SANA
Der Spiegel has an illuminating profile of a drone pilot for the United States Air Force, Brandon Bryant, and what the work entails:
When he received the order to fire, he pressed a button with his left hand and marked the roof with a laser. The pilot sitting next to him pressed the trigger on a joystick, causing the drone to launch a Hellfire missile. There were 16 seconds left until impact. With seven seconds left to go, there was no one to be seen on the ground. Bryant could still have diverted the missile at that point. Then it was down to three seconds. Bryant felt as if he had to count each individual pixel on the monitor. Suddenly a child walked around the corner, he says. Second zero was the moment in which Bryant's digital world collided with the real one in a village between Baghlan and Mazar-e-Sharif [in Afghanistan]. Bryant saw a flash on the screen: the explosion. Parts of the building collapsed. The child had disappeared. Bryant had a sick feeling in his stomach. "Did we just kill a kid?" he asked the man sitting next to him. "Yeah, I guess that was a kid," the pilot replied. "Was that a kid?" they wrote into a chat window on the monitor. Then, someone they didn't know answered, someone sitting in a military command center somewhere in the world who had observed their attack. "No. That was a dog," the person wrote. They reviewed the scene on video. A dog on two legs?

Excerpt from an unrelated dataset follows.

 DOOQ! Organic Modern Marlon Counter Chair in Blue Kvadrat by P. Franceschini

"I saw men, women and children die during that time," Bryant told Der Spiegel. "I never thought I would kill that many people. In fact, I thought I couldn't kill anyone at all."

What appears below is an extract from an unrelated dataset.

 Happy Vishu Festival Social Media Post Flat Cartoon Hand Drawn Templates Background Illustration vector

At least 176 children have been killed in U.S. drone strikes in nearby Pakistan alone, with more than twenty more in Yemen and at least one in Somalia, according to the Bureau of Investigative Journalism.

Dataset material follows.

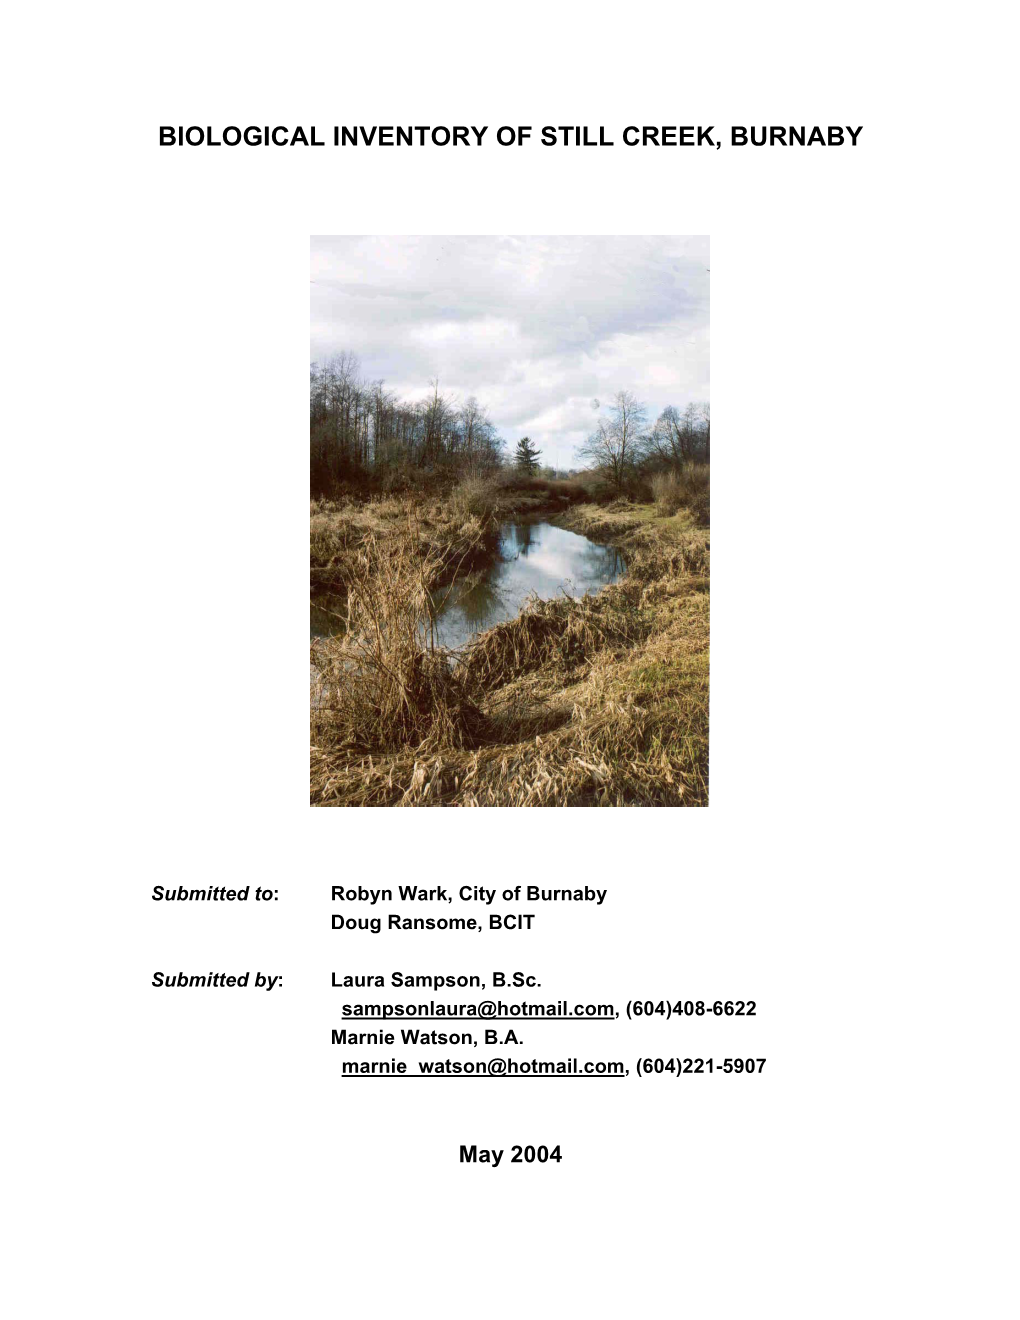 Biological Inventory of Still Creek, Burnaby

In Afghanistan, though, children can apparently be legitimate targets. After NATO called a 12 year old, a 10 year old and an 8 year old killed in a Marine airstrike "innocent Afghan civilians," the Marines took umbrage. The children were digging a hole, which could've been used to place a roadside bomb. "In addition to looking for military-age males, it's looking for children with potential hostile intent," a Marine general explained. "Military-age male" is already pretty much the only requirement to label someone killed in a drone strike a militant so including children is just a matter of revising the meaning of "military age" downward. Forward!